Saturday, January 20, 2007

$269 Million Set Aside For Incompetent Tribune Executives

One of the most shocking things about American corporate life is that the dumber the executives are, the more they get when everything crashes down and they are forced to leave.

I'm not talking about the jail terms they often deserve. I'm talking about the golden parachutes set aside for the miscreants.

So, it's really not surprising that it turns out that if the squalid Tribune Co. does take one of the offers it has solicited for its newspapers and television stations, a whopping $269 million has already been set aside for the executives who have driven the country into the ground, diminishing the quality of all its newspapers and laying people off by the hundreds.

Dennis FitzSimons, Scott Smith, David Hiller and 47 other top people at the company -- who have wrecked so many professional lives and have proven their incompetence time and time again -- would walk off with all these millions, so that they could live luxurious lives until they die and probably go straight to hell. Divine justice, is, of course, more appropriately retributive than human justice.
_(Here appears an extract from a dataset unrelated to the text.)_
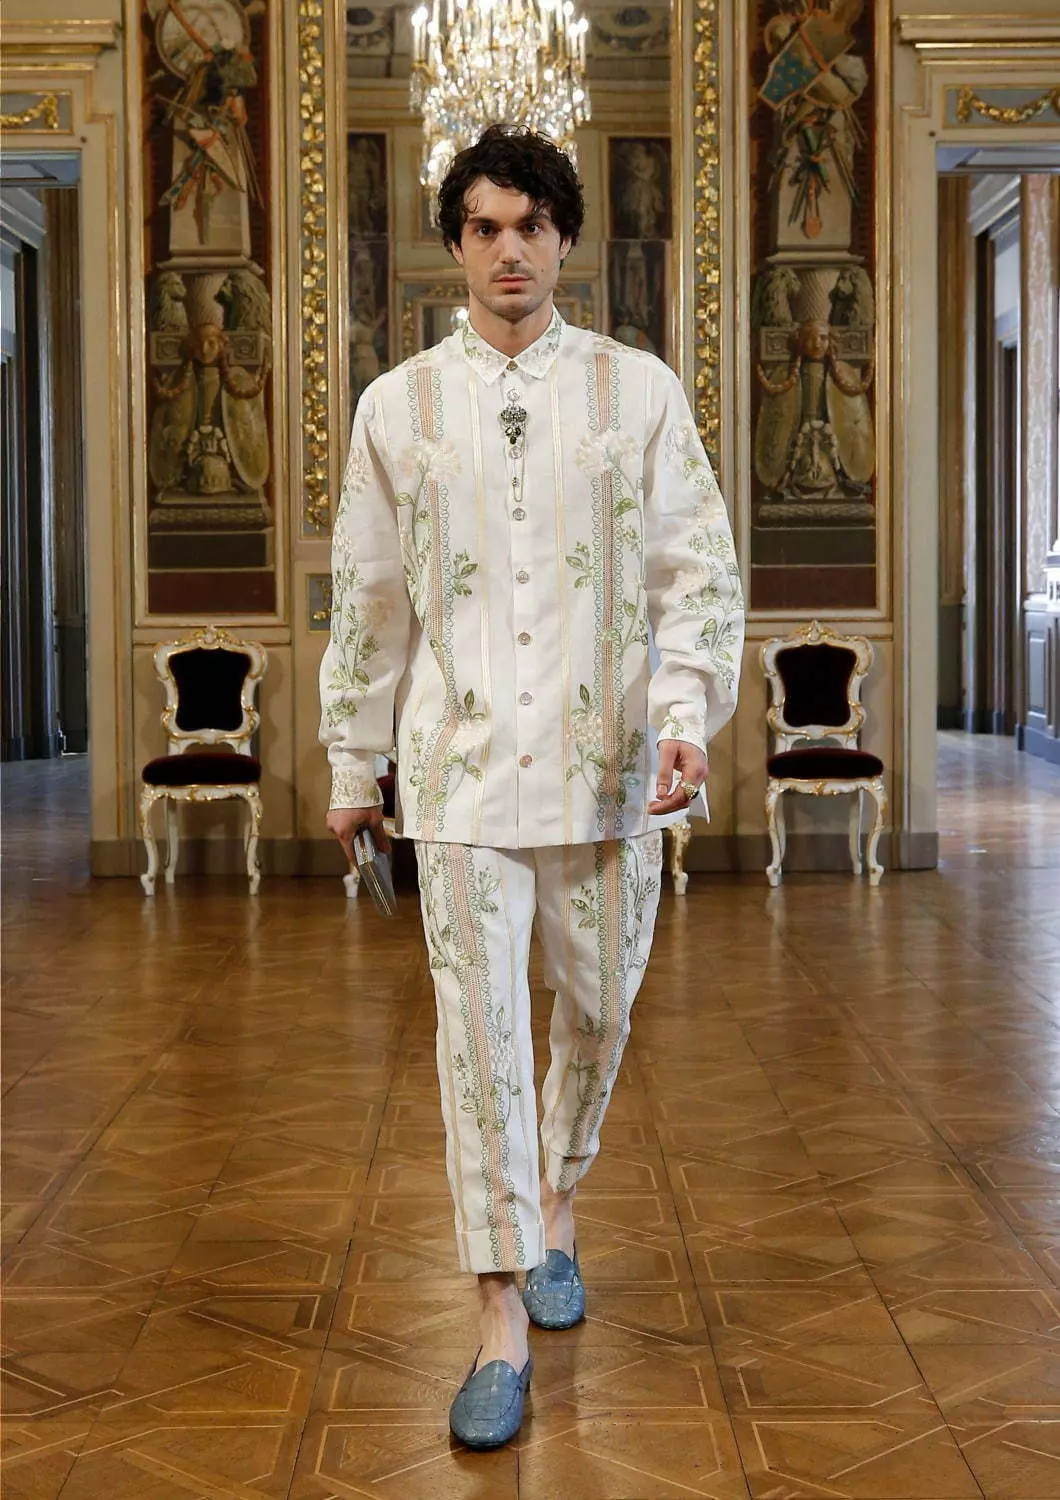 Colección Dolce & Gabbana Alta Sartoria Menswear Julio 2020 53602_58

Executive by executive, it is not as great an amount as Mark Willes stole from Times-Mirror when he was ousted as CEO in the ill-fated sale to the Tribune Co. Willes got at least $64 million, and perhaps, according to reports, as much as $105 million. Then, he had the gall to even take the cold drinks in his office refrigerator. And this was a man who supposedly came from a religious family. even if he had grossly violated journalistic ethics in the Staples scandal.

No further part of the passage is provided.